‘9 Parts of Desire’ at Williamston illuminates otherwise anonymous women

WILLIAMSTON, MIch.– With a play title like 9 parts of desire Due in the month of hearts and romance, you’d think it’s a play with the entanglements of a love story. That’s far from the case with this one-man play presented by the Williamston Theatre.

At Heather Raffo’s 9 parts of desire is a deeply moving play about the lives of nine distinct Iraqi women and their intense struggles in a war-torn Muslim country where women’s rights are somewhere below those of pets. Women make up half the population in Iraq, but are almost invisible in public. In this ultra-conservative society, a woman’s place is neither in school nor at work, but out of sight at home.

Heather Raffo, an Assyrian American from Michigan, formed the premises for this production during a trip to the Saddam Art Center in Baghdad in 1993, shortly after Operation Desert Storm. She developed and starred in early productions of the show in the early 2000s.
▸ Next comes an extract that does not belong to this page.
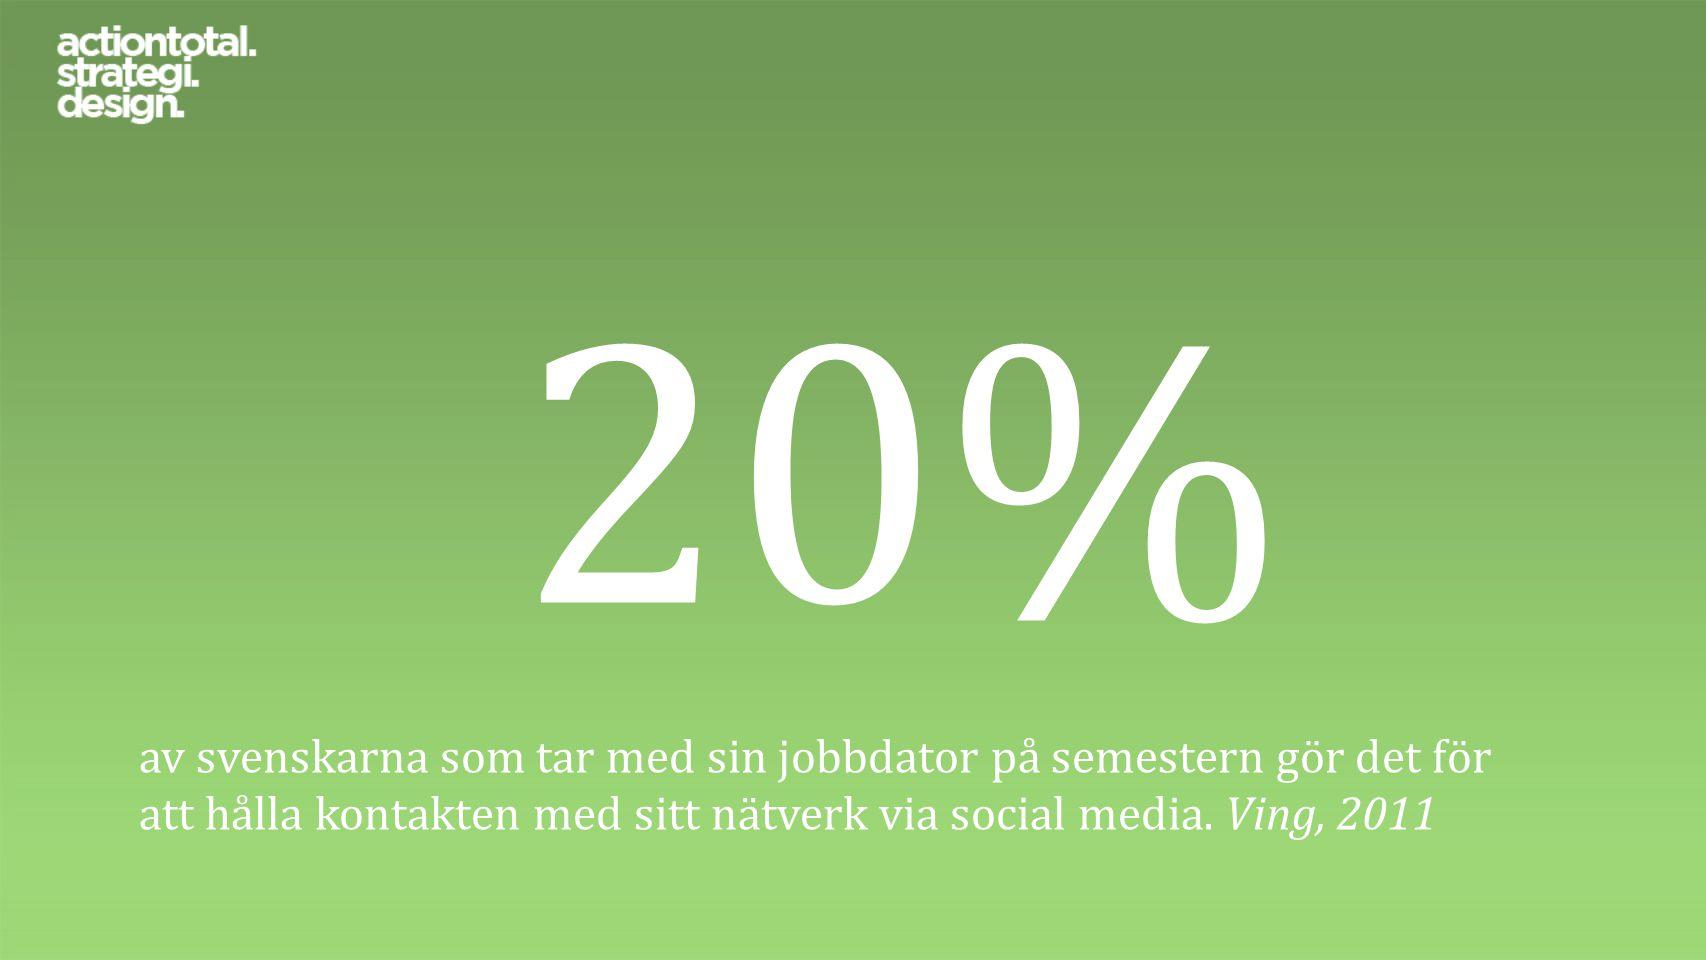 750 000 check-ins görs av svenskar på Facebook varje vecka. 2011
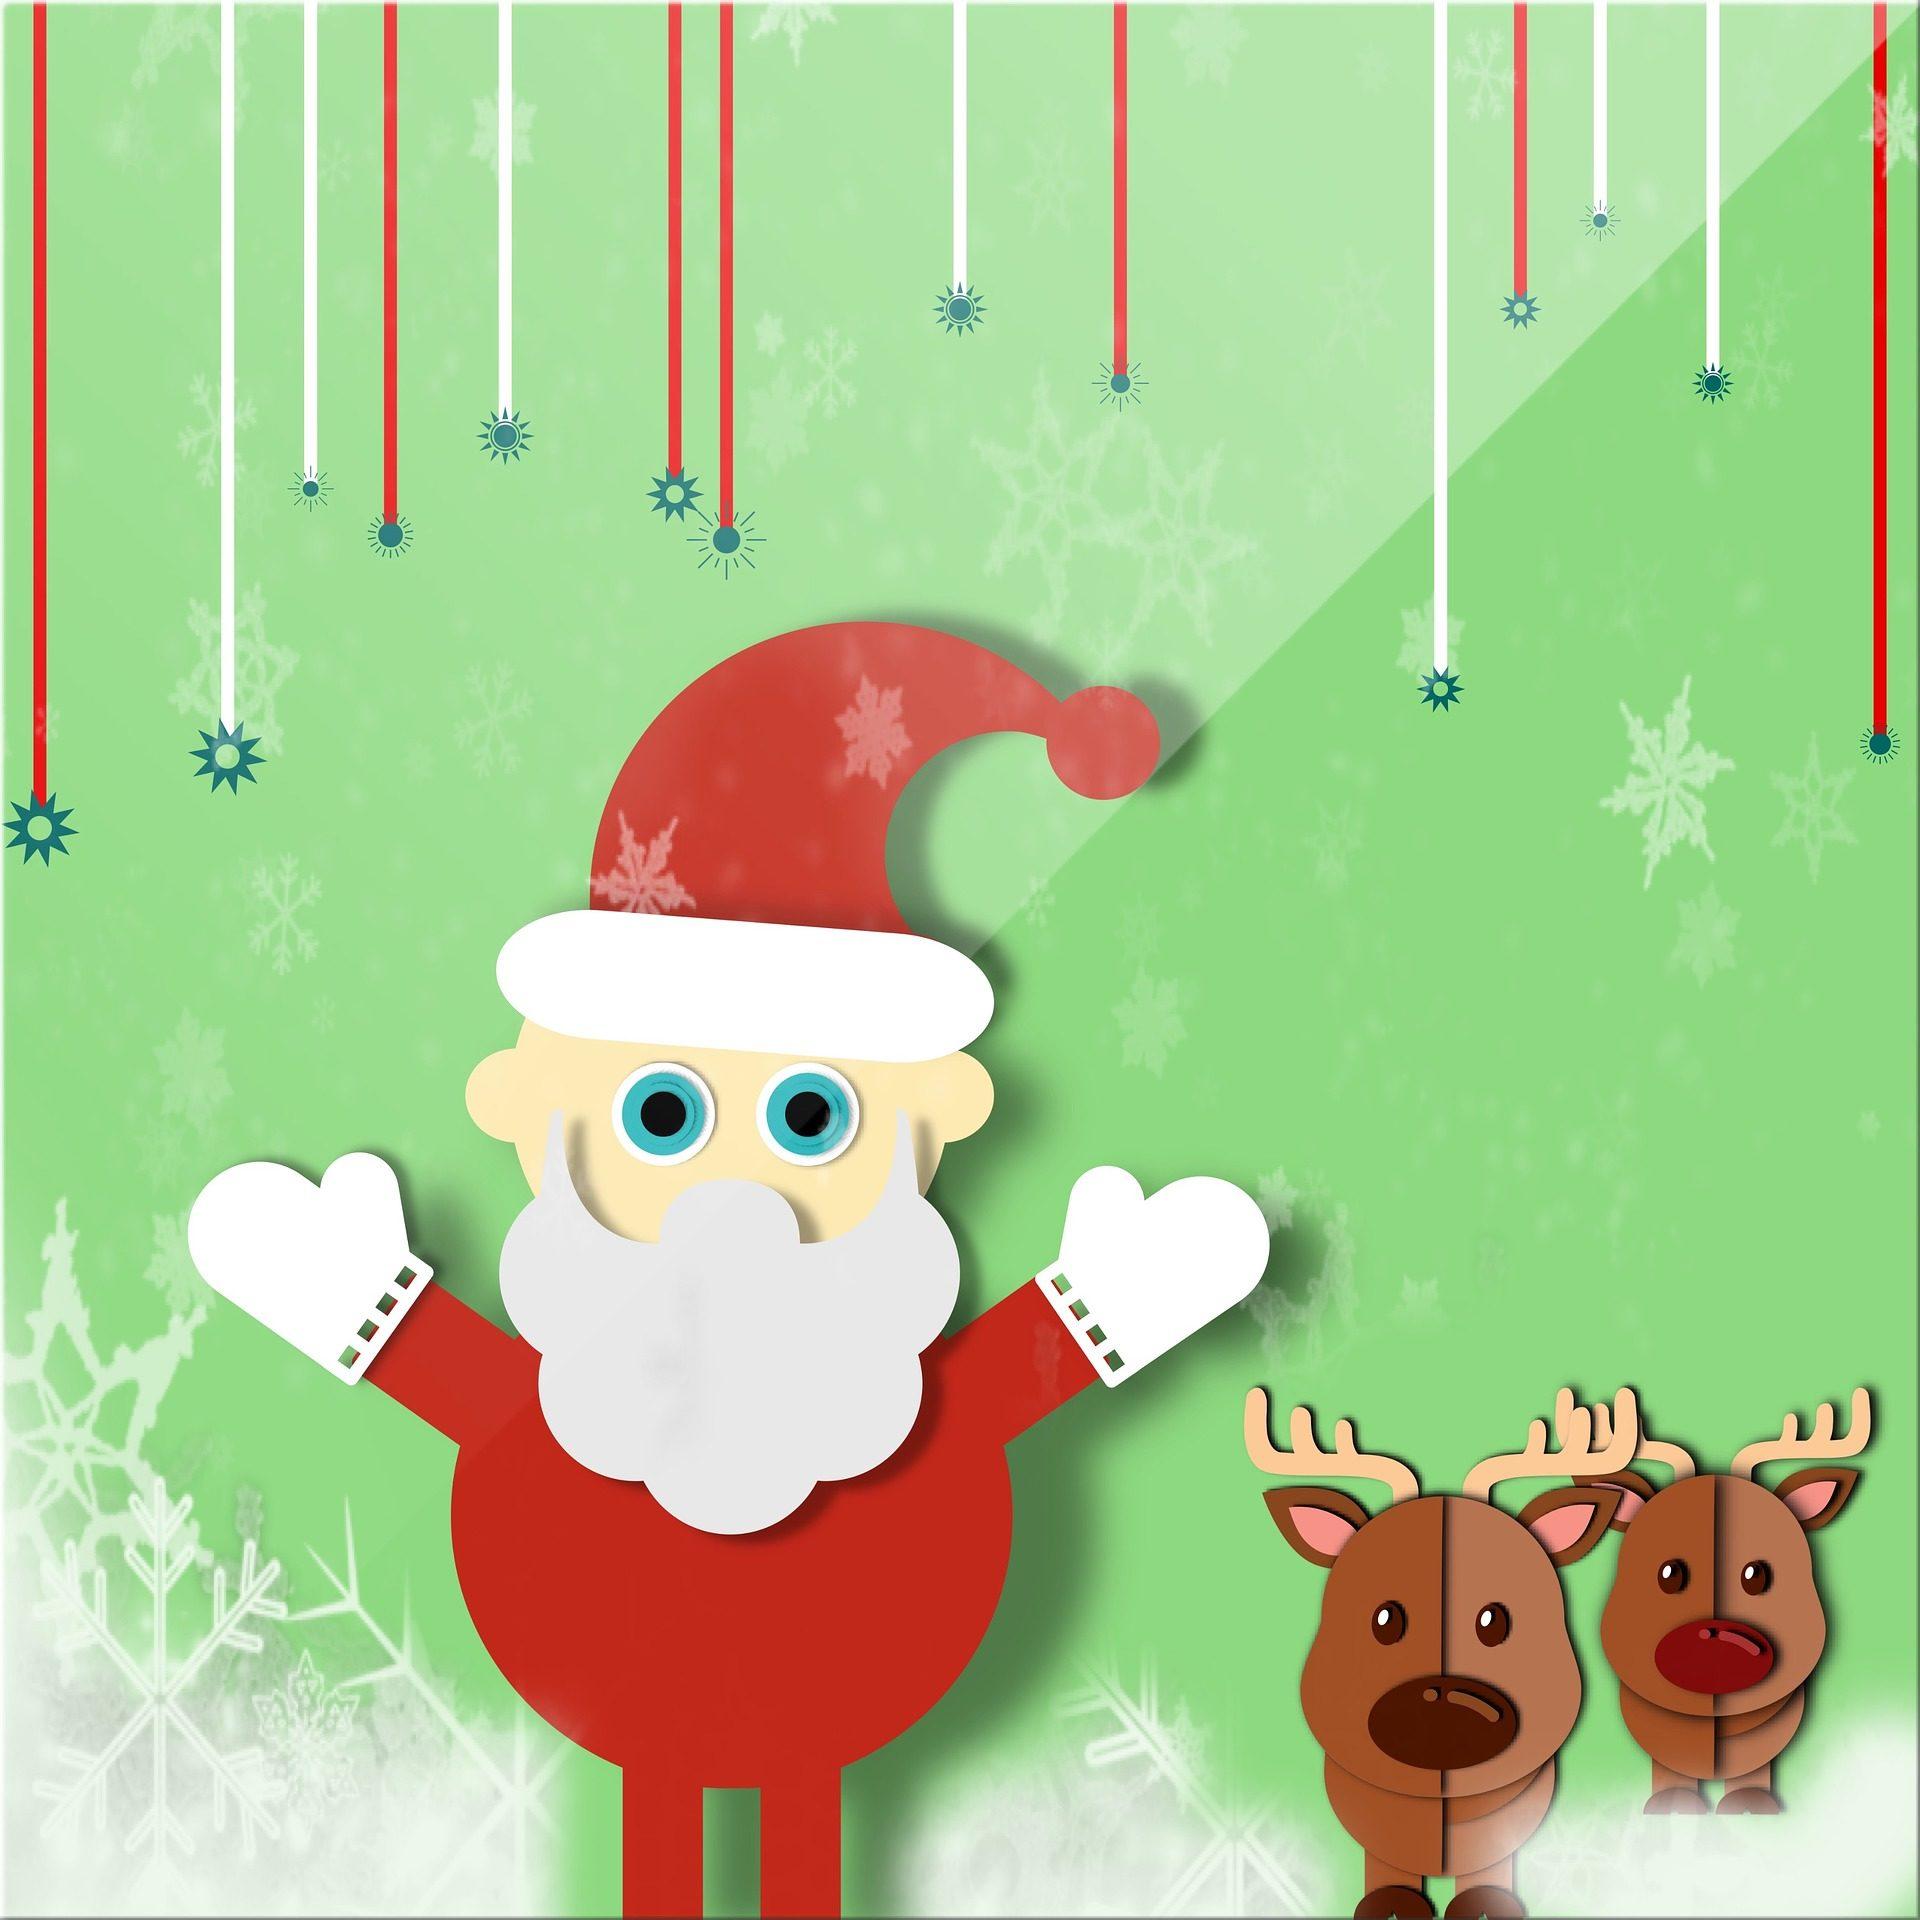 圣诞老人, 爸爸诺尔, 驯鹿, 卡, 问候, 雪, 圣诞节, 1612241742

A single actor conveys the stories of the nine women, Sarab Kamoo, who is also co-director of this production. Kamoo, always a very physical actress ready for anything, uses different movements, vocal techniques, with additional costume strategies designed by Karen Kangas-Preston to make her characters stand out as separate and distinct women.

There are nine different women depicted: a traditional Iraqi woman in a traditional black chador drowning lost shoes in the river; a woman going about the life of an artist who only paints nudes in a country that seeks to cover every woman from head to toe; a boisterous Bedouin girl sharing her story of her ex-husbands and her life away from Iraq in London; a drunk complaining about Saddam Hussein and being stuck in a civil war-torn country divided by two tribal traditions; a pregnant doctor explaining the problems Iraqis have had with radiation from past bombings; a young girl grappling with the loss of her father over words she said casually at school in front of ruthless law enforcement; a tourist guide showing where people died from the bombings; an Iraqi-American struggling with a loss of communication with his family abroad; and a woman who steals the prop pieces that specifically distinguish some of the other characters and attempts to sell them to tourists.

John Lepard helps Kamoo spread his characters with musical selections associated with different times the character vignettes happened. Lepard’s music and Becca Bedell’s light extinguishing techniques give Kamboo time to put on or take off the black chador and switch between properly placed character accessories in order to transition from character to character. another with a permanent change. It may have been a director’s choice to reduce the moments between vignettes, but in doing so some characters began to bleed into each other. Juggling nine characters in the air is tricky for any actor.

One of the highlights of this production is the enormity of the setting. It’s a breathtaking three-level set with a real running river at the base. Jennifer Maiseloff designed an ensemble that looks like a bombshell with classic arches and fills the entire push-stage area. Projections were even created by Quinn Legge to add stunning views of the Middle Eastern city in the distance. The set consists of a multitude of paintings and books that add color and life to the whole. All levels are used, and the show almost begins and ends with the water feature. One of Kamboo’s characters cleanses himself so intensely in the river that I wondered if viewers sitting nearby were also getting a spritz.

The connection between the live action game and the still art is taken to another level by local artist Barb Whitney who has created original artwork to represent each of the nine characters. His work is located in the back hall and is for sale.

9 parts of desire is an admirable work that truly delves into the other side of the war that many Americans have only seen on CNN. This production shows a side of the war of seldom-heard women’s voices who are still primary caregivers and nurturers despite the culture’s emphasis on suppressing them in servanthood.

The play runs until February 27. Tickets can be purchased at www.williamstontheatre.org or by phone at 517-655-7469. Members of the public must show vaccination cards and wear masks.